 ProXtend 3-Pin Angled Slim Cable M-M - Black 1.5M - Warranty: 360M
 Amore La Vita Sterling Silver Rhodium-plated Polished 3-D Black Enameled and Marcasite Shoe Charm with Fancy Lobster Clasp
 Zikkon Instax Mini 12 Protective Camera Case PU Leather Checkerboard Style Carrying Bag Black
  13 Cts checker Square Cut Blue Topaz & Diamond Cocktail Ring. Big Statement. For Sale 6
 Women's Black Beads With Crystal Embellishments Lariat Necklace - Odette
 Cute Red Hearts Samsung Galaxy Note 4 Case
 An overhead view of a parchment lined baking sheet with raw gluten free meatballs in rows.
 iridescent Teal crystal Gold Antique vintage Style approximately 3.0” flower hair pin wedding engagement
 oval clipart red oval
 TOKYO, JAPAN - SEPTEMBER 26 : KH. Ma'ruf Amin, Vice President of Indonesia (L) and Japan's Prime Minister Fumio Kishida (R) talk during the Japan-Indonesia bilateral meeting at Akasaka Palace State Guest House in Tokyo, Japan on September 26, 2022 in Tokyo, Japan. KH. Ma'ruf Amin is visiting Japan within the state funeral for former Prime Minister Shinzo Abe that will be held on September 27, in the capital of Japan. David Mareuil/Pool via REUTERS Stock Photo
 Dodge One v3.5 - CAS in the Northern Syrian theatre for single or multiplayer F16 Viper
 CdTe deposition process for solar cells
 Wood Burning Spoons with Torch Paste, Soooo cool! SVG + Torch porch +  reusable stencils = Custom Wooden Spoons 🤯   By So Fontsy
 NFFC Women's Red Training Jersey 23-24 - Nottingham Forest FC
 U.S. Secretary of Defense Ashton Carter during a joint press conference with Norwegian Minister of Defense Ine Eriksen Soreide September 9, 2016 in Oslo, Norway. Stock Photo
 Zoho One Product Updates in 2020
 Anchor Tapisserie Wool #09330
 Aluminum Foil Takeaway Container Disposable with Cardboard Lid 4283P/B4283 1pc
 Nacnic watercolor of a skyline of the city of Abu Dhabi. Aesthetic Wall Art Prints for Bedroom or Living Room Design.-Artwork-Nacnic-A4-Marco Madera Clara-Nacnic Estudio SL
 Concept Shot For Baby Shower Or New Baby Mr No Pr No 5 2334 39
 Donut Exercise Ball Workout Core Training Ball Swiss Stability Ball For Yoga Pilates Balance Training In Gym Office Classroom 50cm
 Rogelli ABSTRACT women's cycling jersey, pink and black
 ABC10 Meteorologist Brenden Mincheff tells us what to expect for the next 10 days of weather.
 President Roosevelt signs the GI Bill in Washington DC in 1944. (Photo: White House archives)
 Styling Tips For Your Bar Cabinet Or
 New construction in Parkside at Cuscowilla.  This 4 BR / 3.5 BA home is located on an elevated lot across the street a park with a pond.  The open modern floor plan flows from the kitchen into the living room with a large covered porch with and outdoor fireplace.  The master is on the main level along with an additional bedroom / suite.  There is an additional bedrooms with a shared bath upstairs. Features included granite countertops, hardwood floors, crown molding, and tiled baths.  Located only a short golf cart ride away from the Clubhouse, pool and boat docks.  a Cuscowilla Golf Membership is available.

== Task statement ==
Beginning with the line holding "Zikkon Instax Mini" and ending with the line holding "oval clipart red oval", write out the stretch of material above exactly; add no further lines.

== Task response ==
 Zikkon Instax Mini 12 Protective Camera Case PU Leather Checkerboard Style Carrying Bag Black
  13 Cts checker Square Cut Blue Topaz & Diamond Cocktail Ring. Big Statement. For Sale 6
 Women's Black Beads With Crystal Embellishments Lariat Necklace - Odette
 Cute Red Hearts Samsung Galaxy Note 4 Case
 An overhead view of a parchment lined baking sheet with raw gluten free meatballs in rows.
 iridescent Teal crystal Gold Antique vintage Style approximately 3.0” flower hair pin wedding engagement
 oval clipart red oval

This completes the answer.